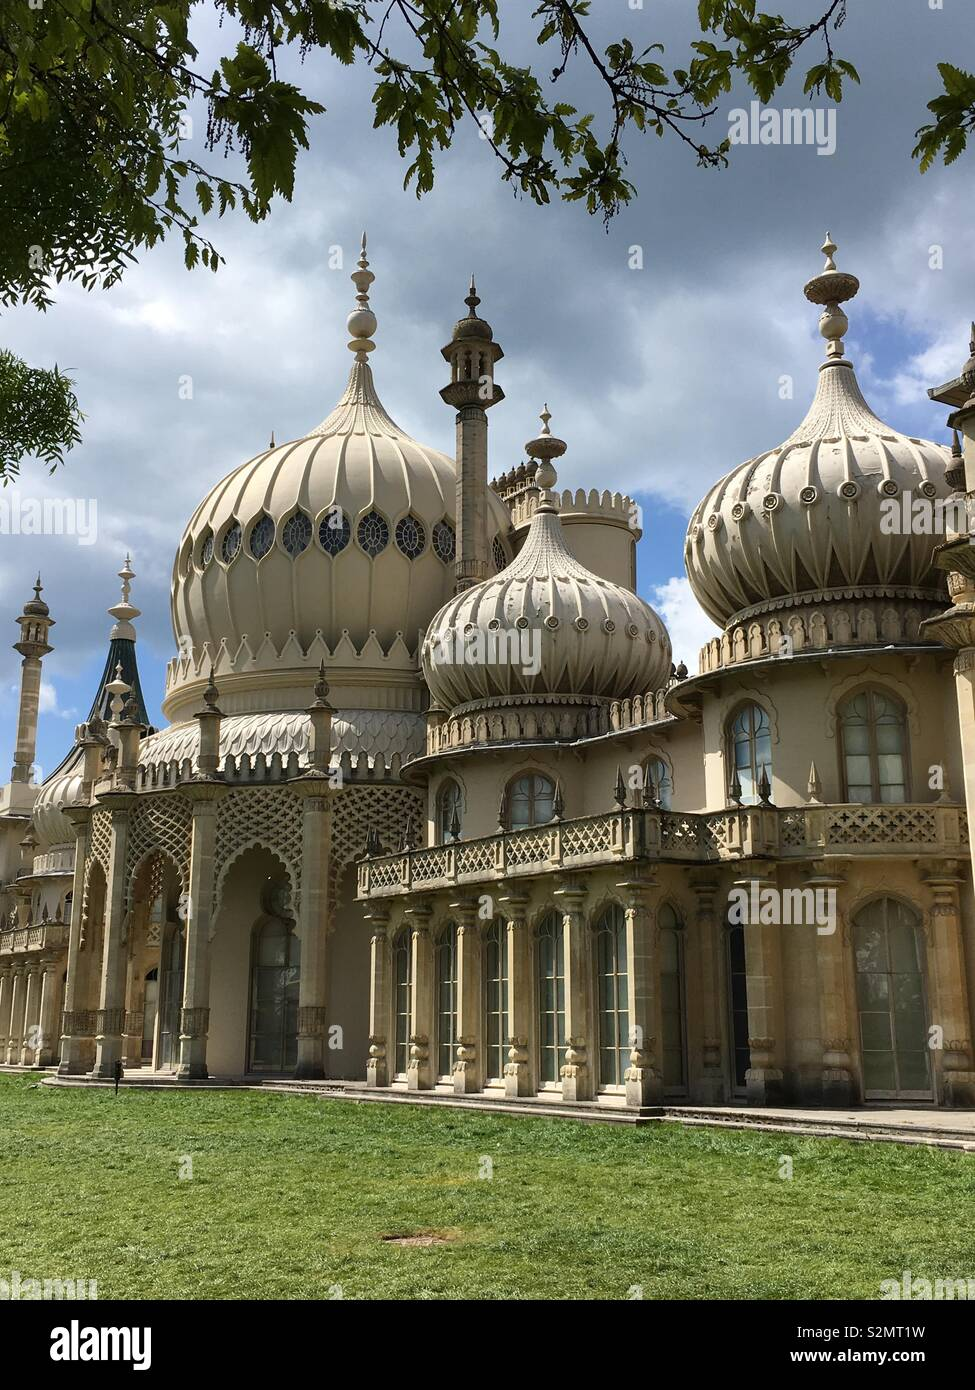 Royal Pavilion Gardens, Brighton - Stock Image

--

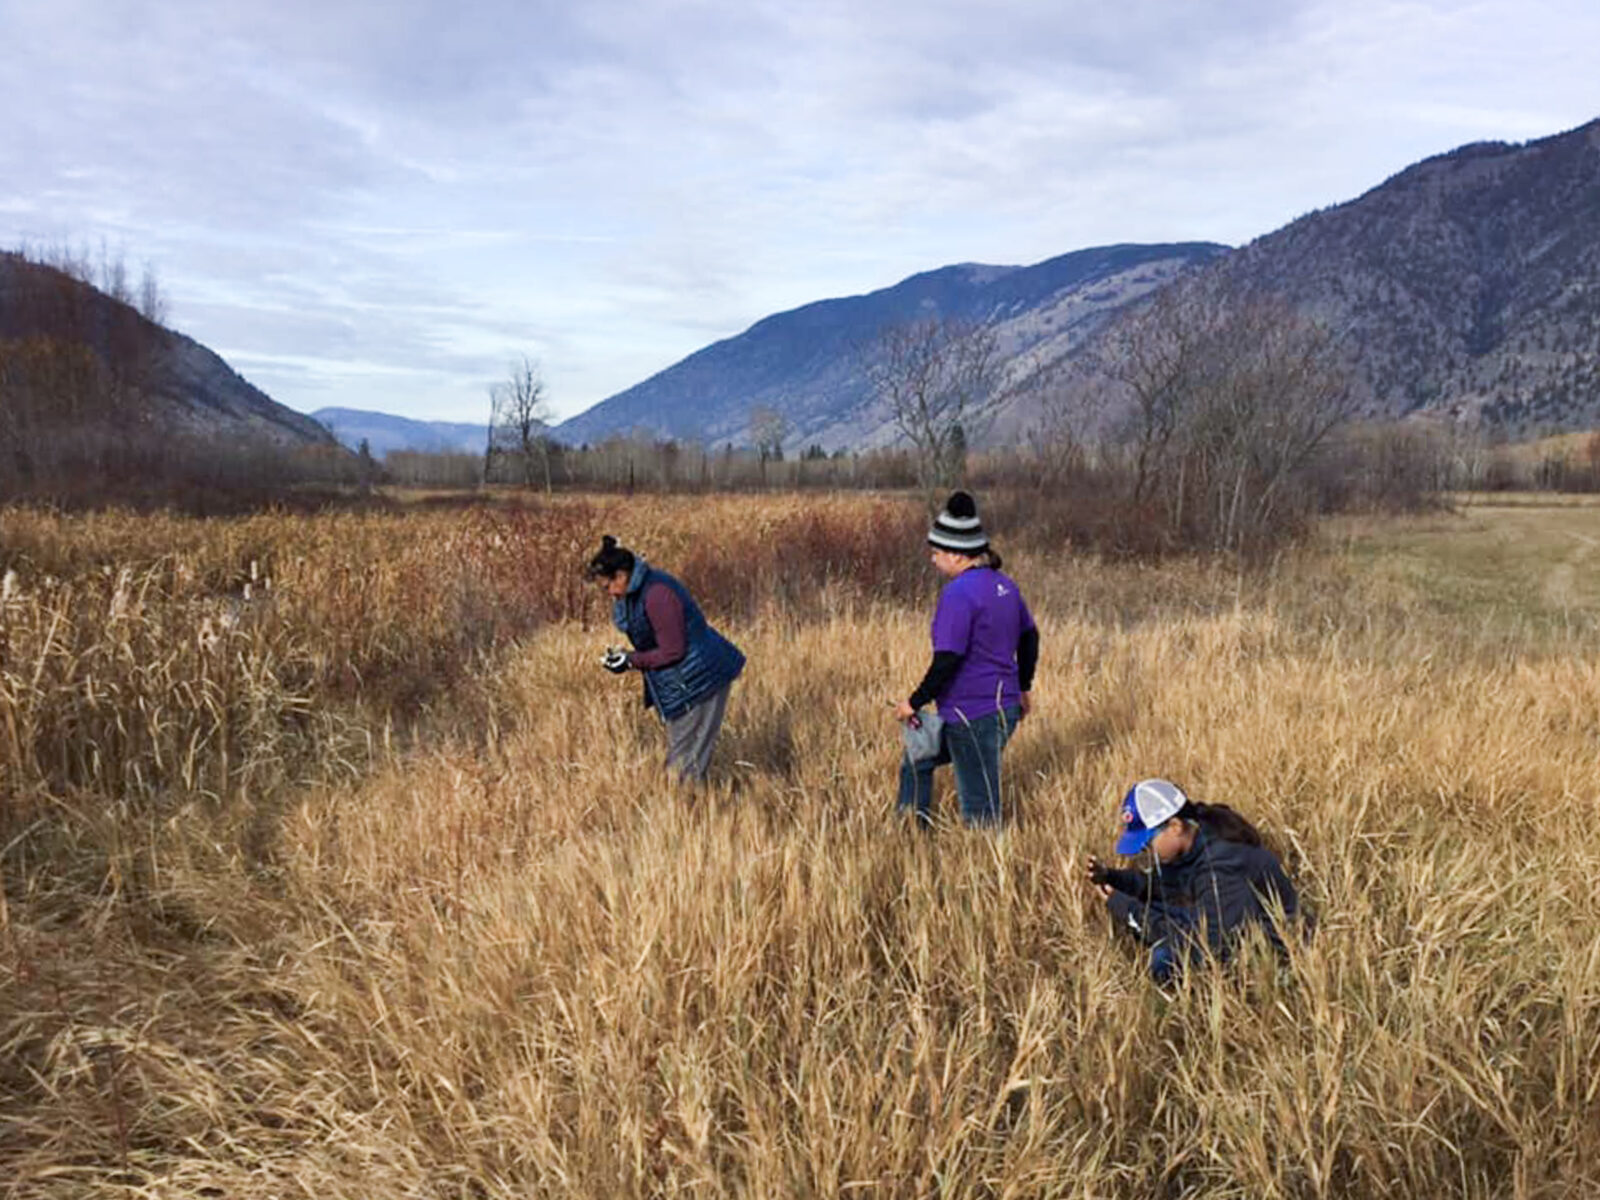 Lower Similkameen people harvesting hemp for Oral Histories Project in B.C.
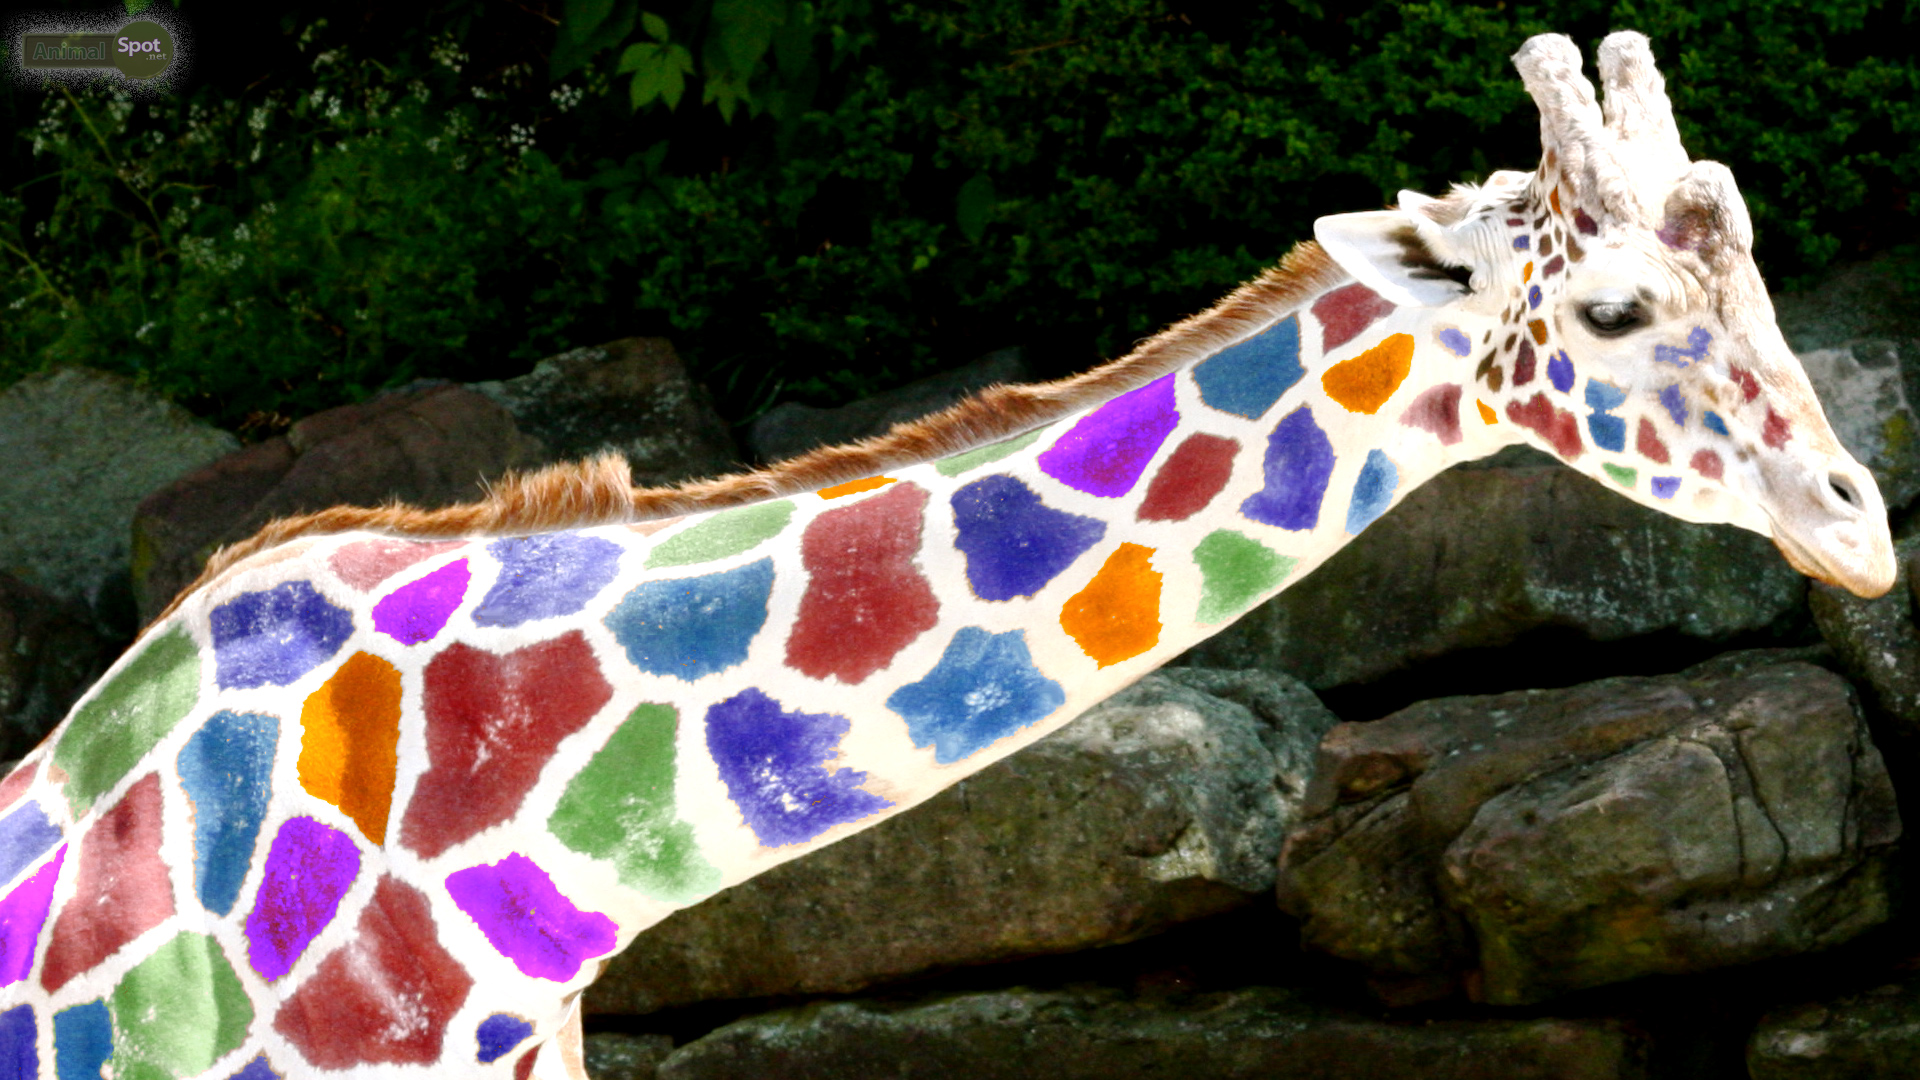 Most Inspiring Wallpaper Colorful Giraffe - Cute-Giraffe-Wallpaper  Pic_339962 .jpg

--

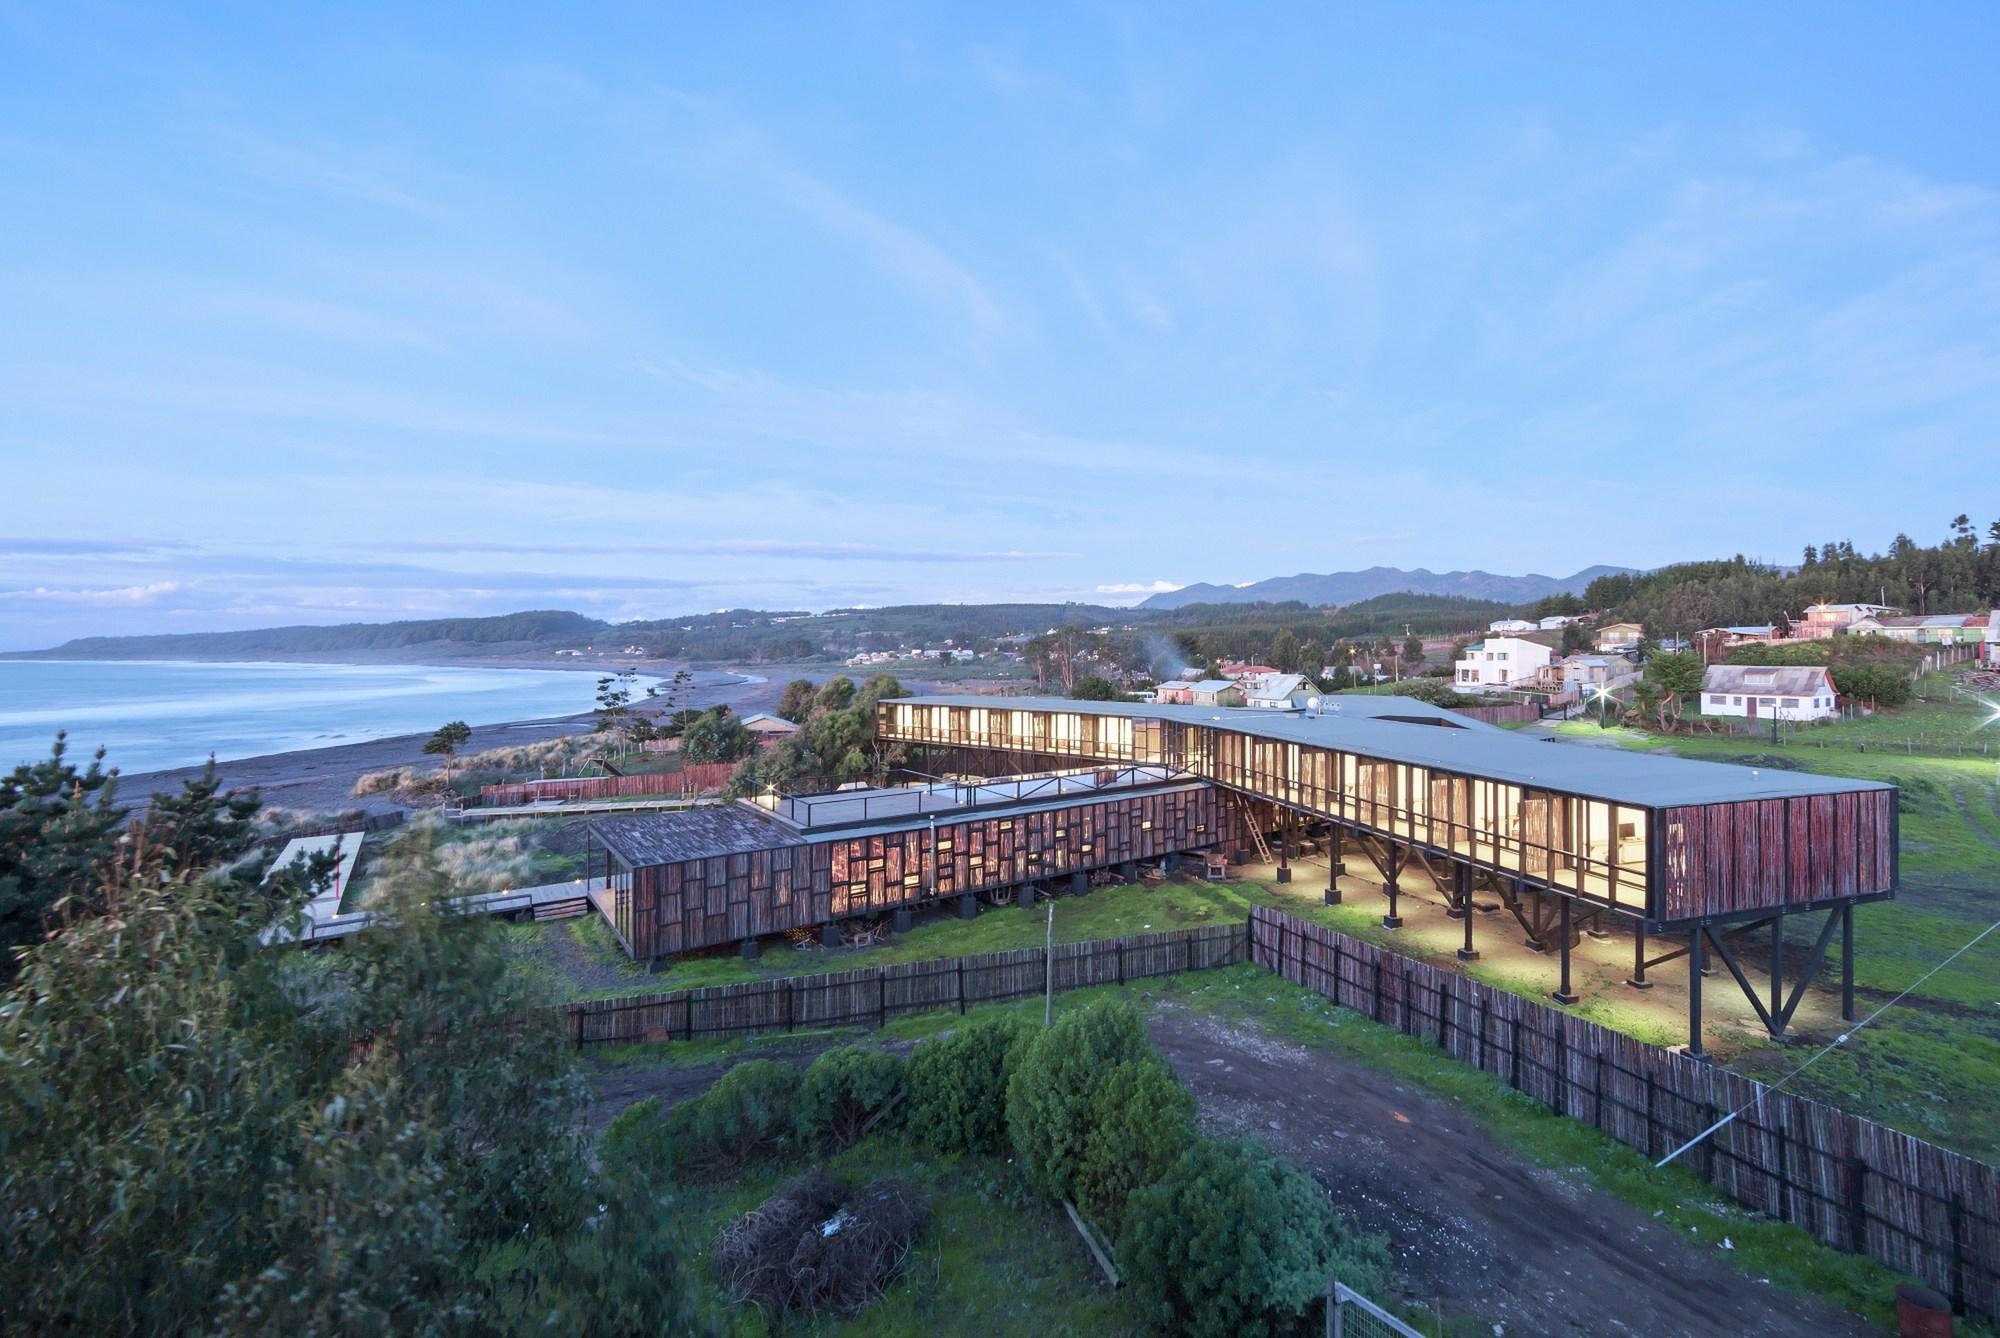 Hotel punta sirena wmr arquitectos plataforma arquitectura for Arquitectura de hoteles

### Problem to solve
In the entries above, find the line containing "Lower Similkameen people" and the line containing "Most Inspiring Wallpaper"; give again exactly those two lines and every line between them, minus the pictures.

### Task solution
 Lower Similkameen people harvesting hemp for Oral Histories Project in B.C.
 Most Inspiring Wallpaper Colorful Giraffe - Cute-Giraffe-Wallpaper  Pic_339962 .jpg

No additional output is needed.